_Exercise instructions_
Retype the whole listing, please, keeping every line exact and dropping the pictures.

_Available data_

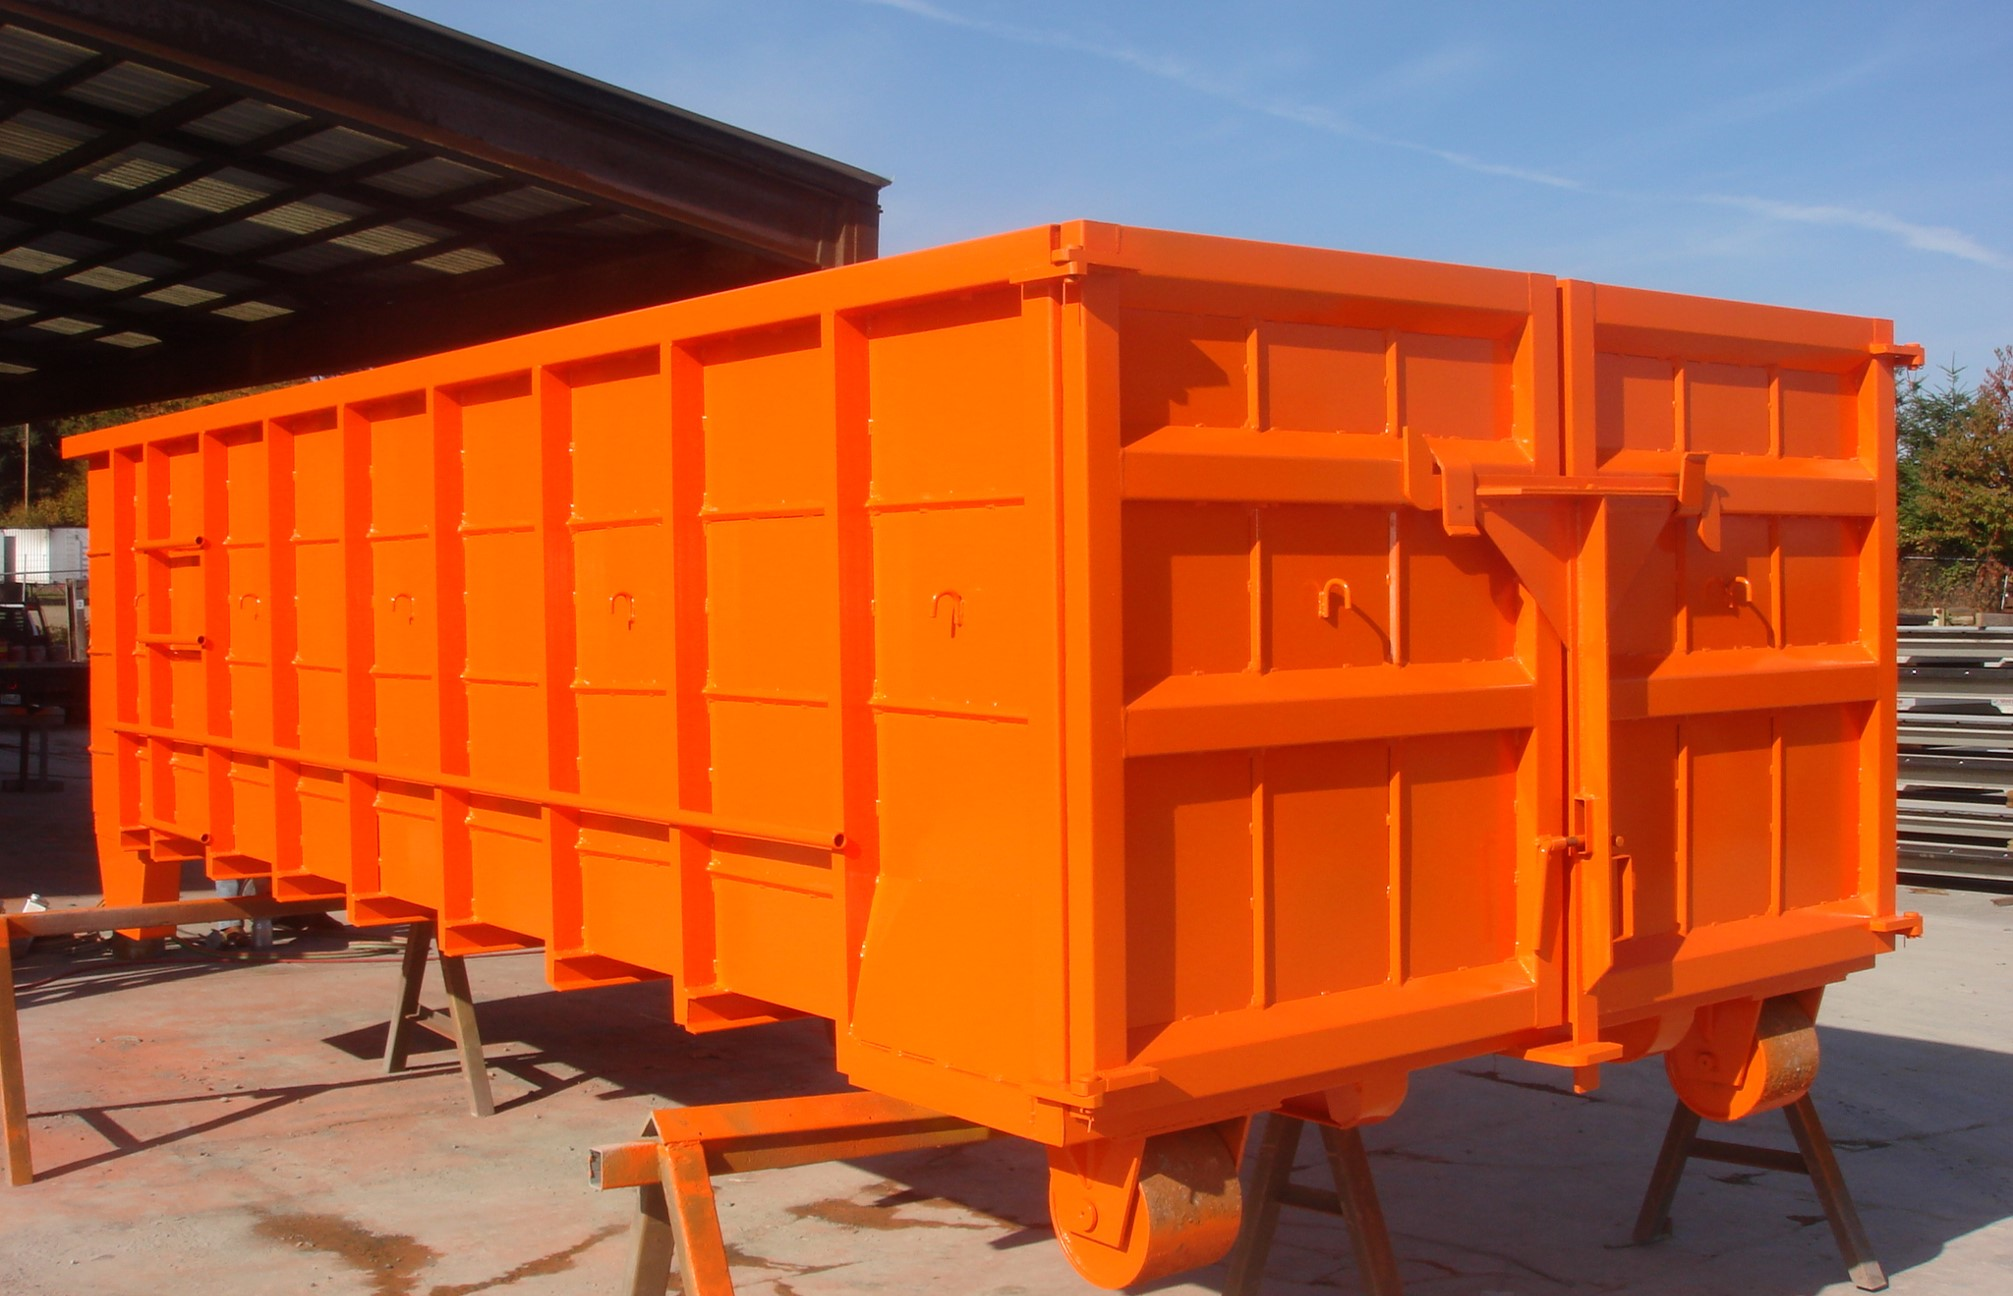 Steel Recycling Bin
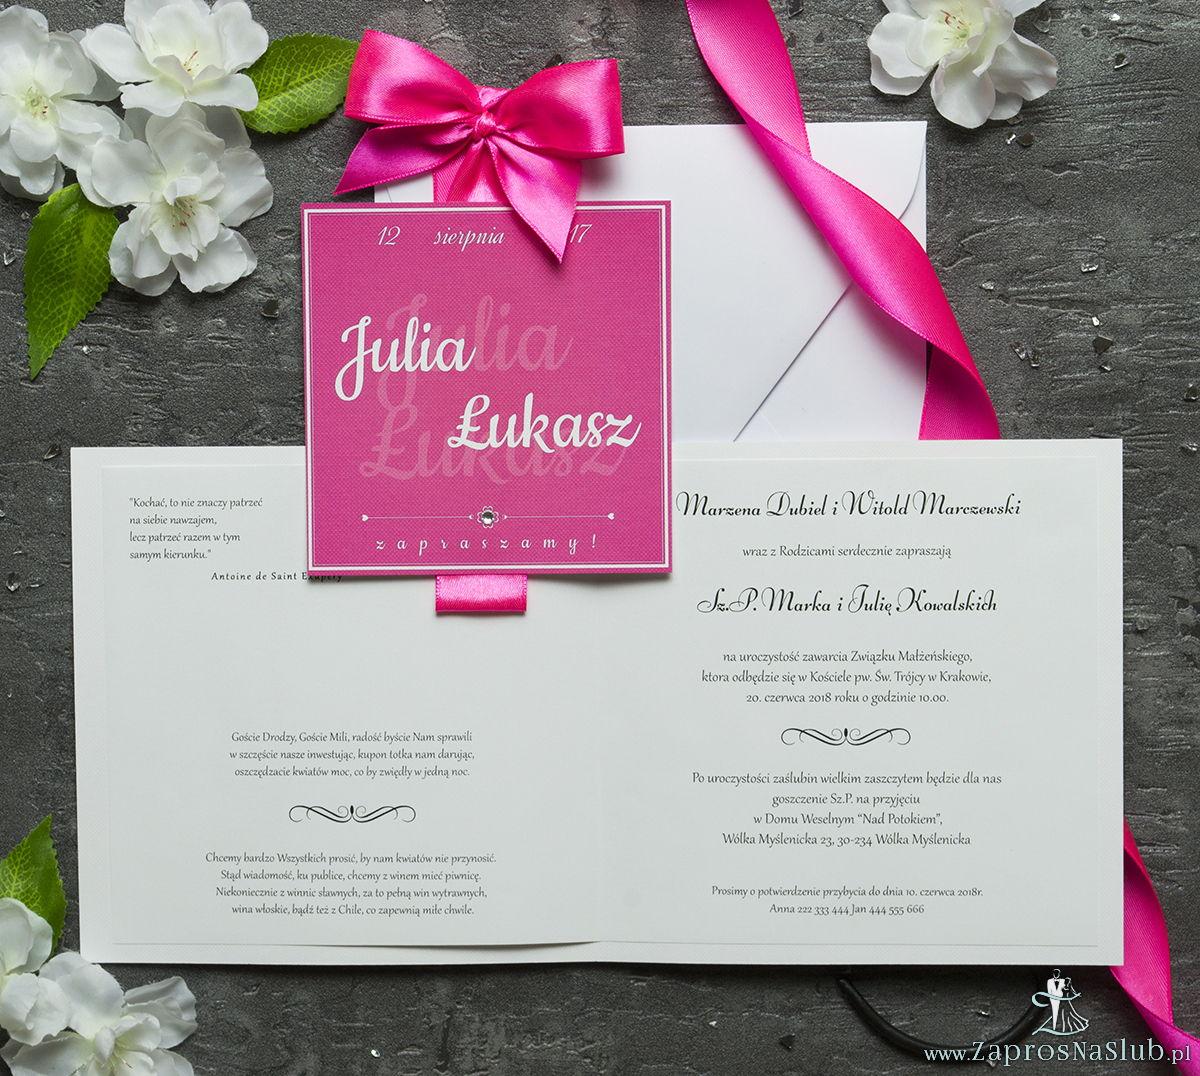 Zaproszenia ślubne na białym papierze z fakturą ryps, ze wstążką w kolorze intensywnego różu i cyrkonią oraz wklejanym wnętrzem. ZAP-61-68
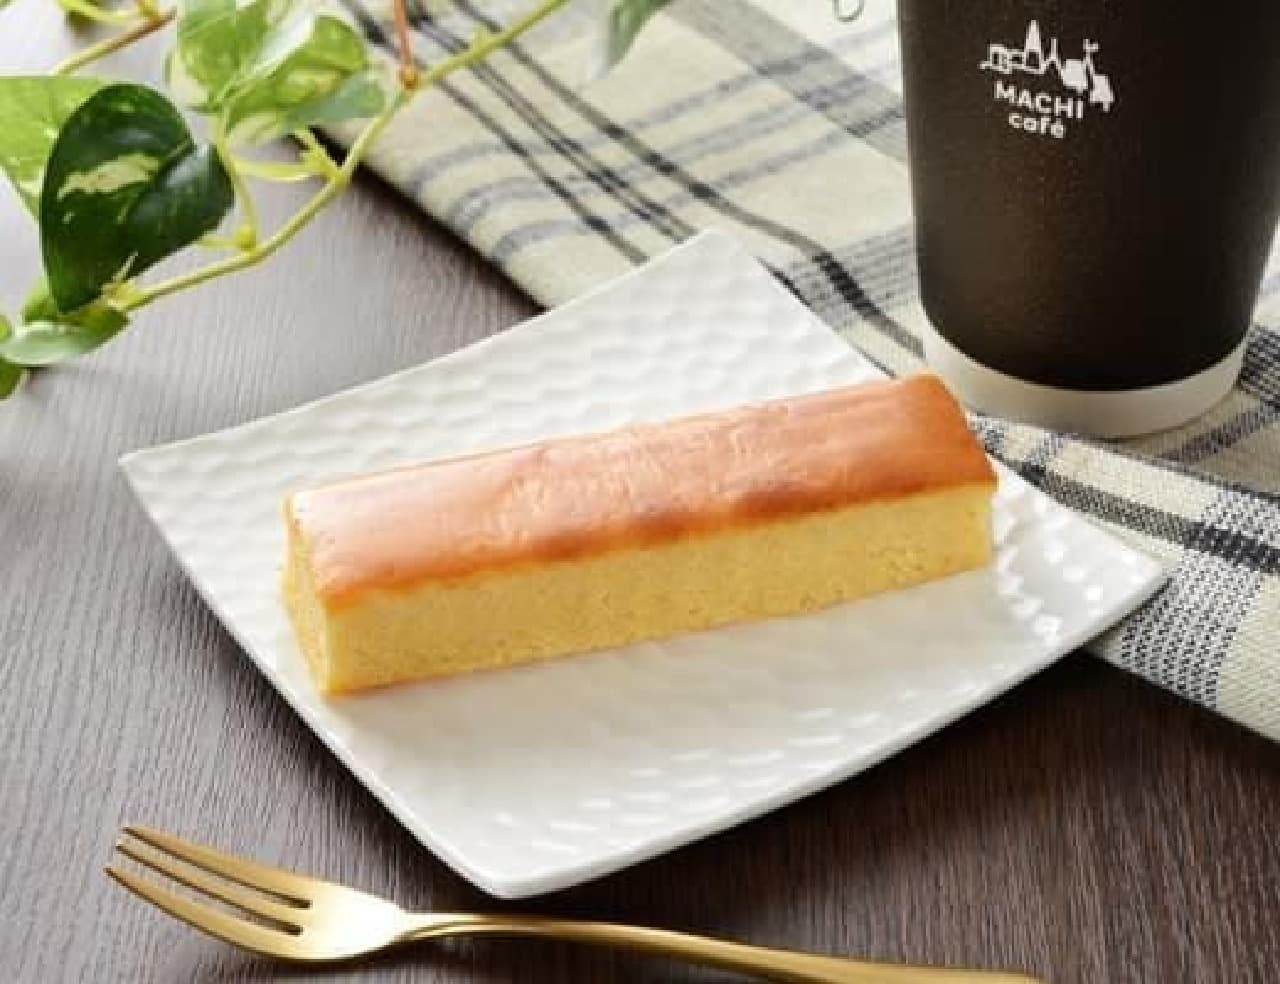 ローソン「ブランのチーズケーキ」
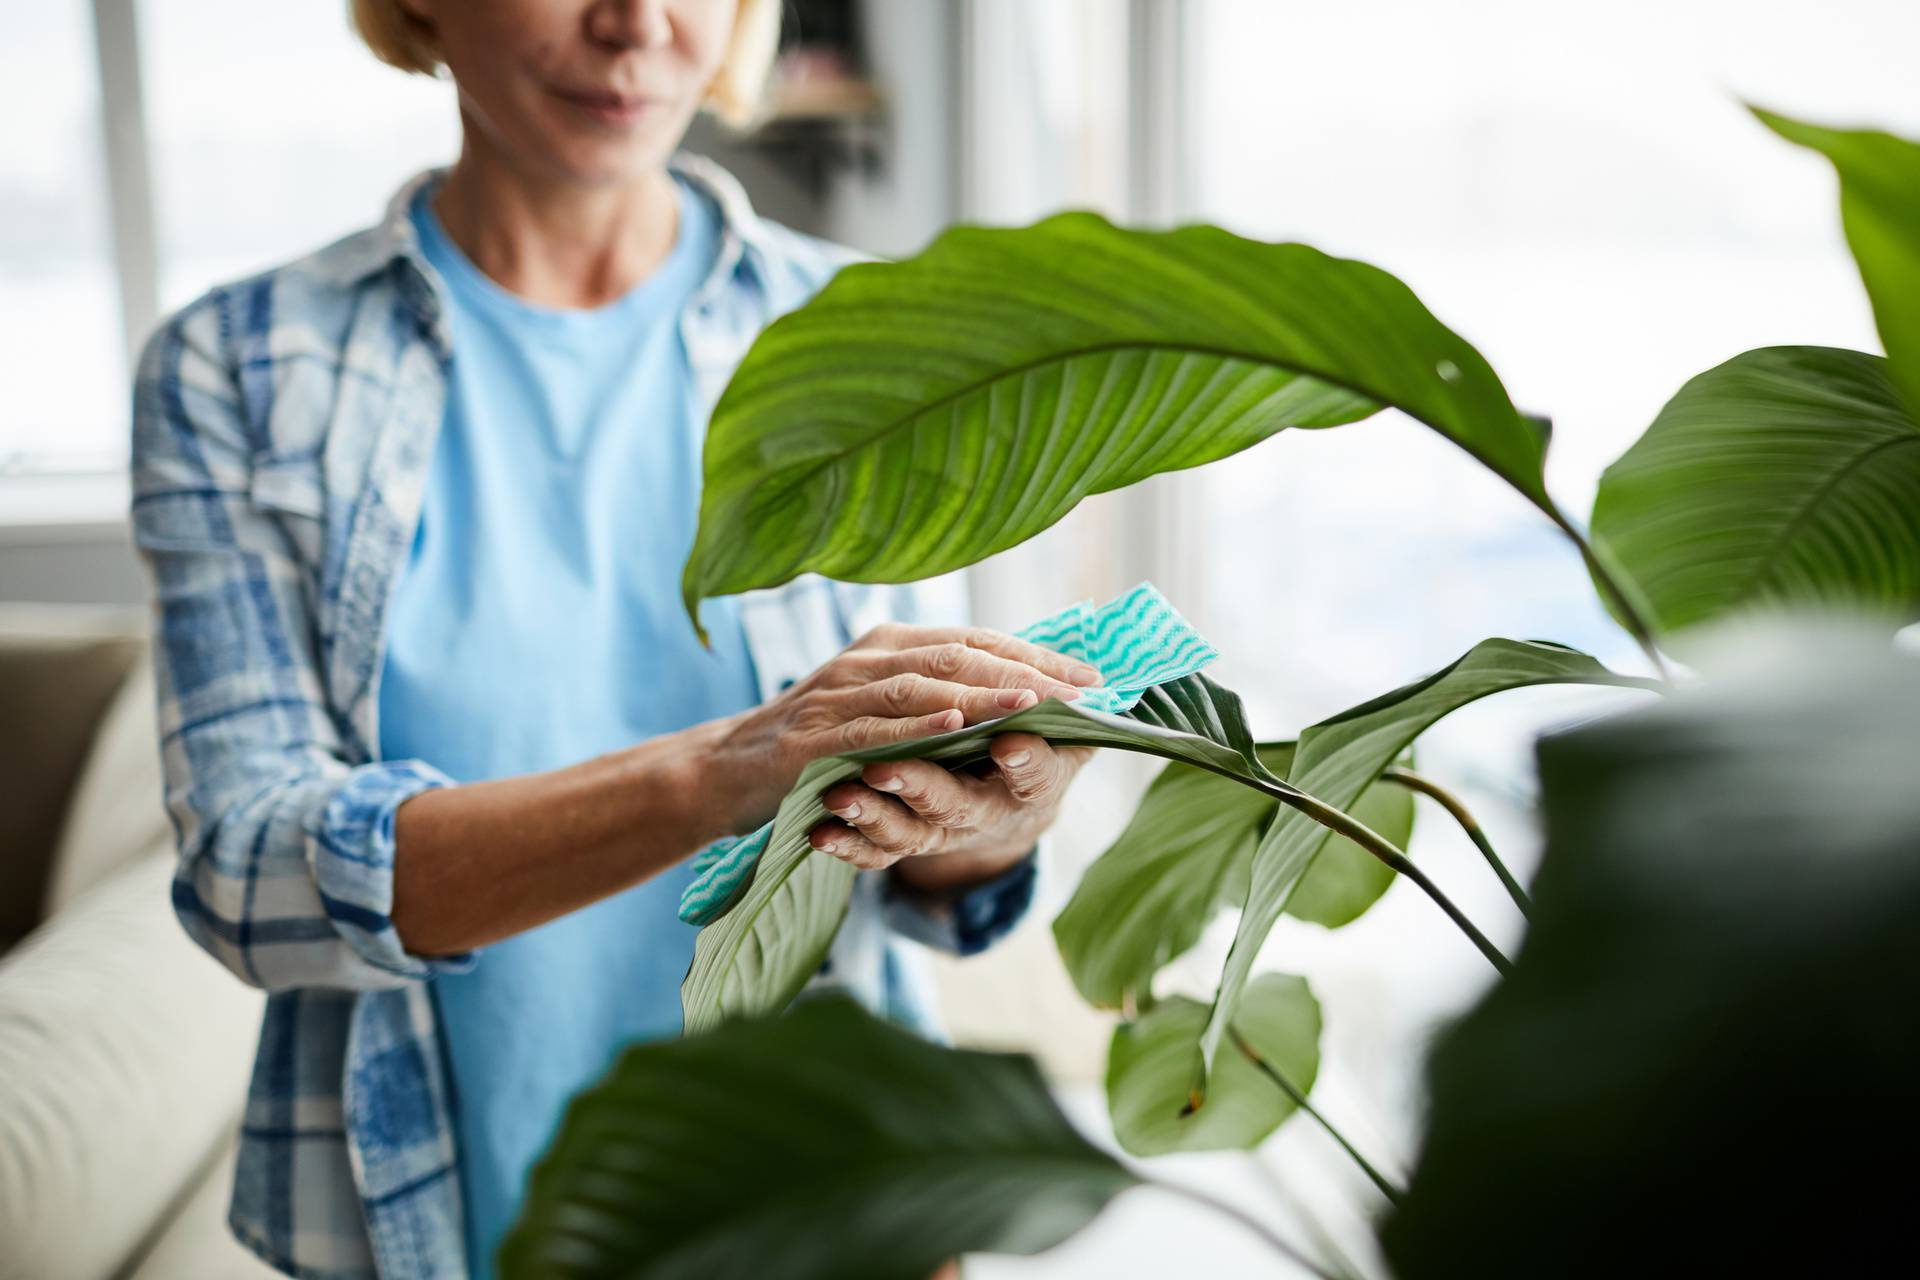 Što se dogodilo vašoj biljci? Saznajte i reagirajte na vrijeme

_Exercise output_
 Steel Recycling Bin
 Zaproszenia ślubne na białym papierze z fakturą ryps, ze wstążką w kolorze intensywnego różu i cyrkonią oraz wklejanym wnętrzem. ZAP-61-68
 ローソン「ブランのチーズケーキ」
 Što se dogodilo vašoj biljci? Saznajte i reagirajte na vrijeme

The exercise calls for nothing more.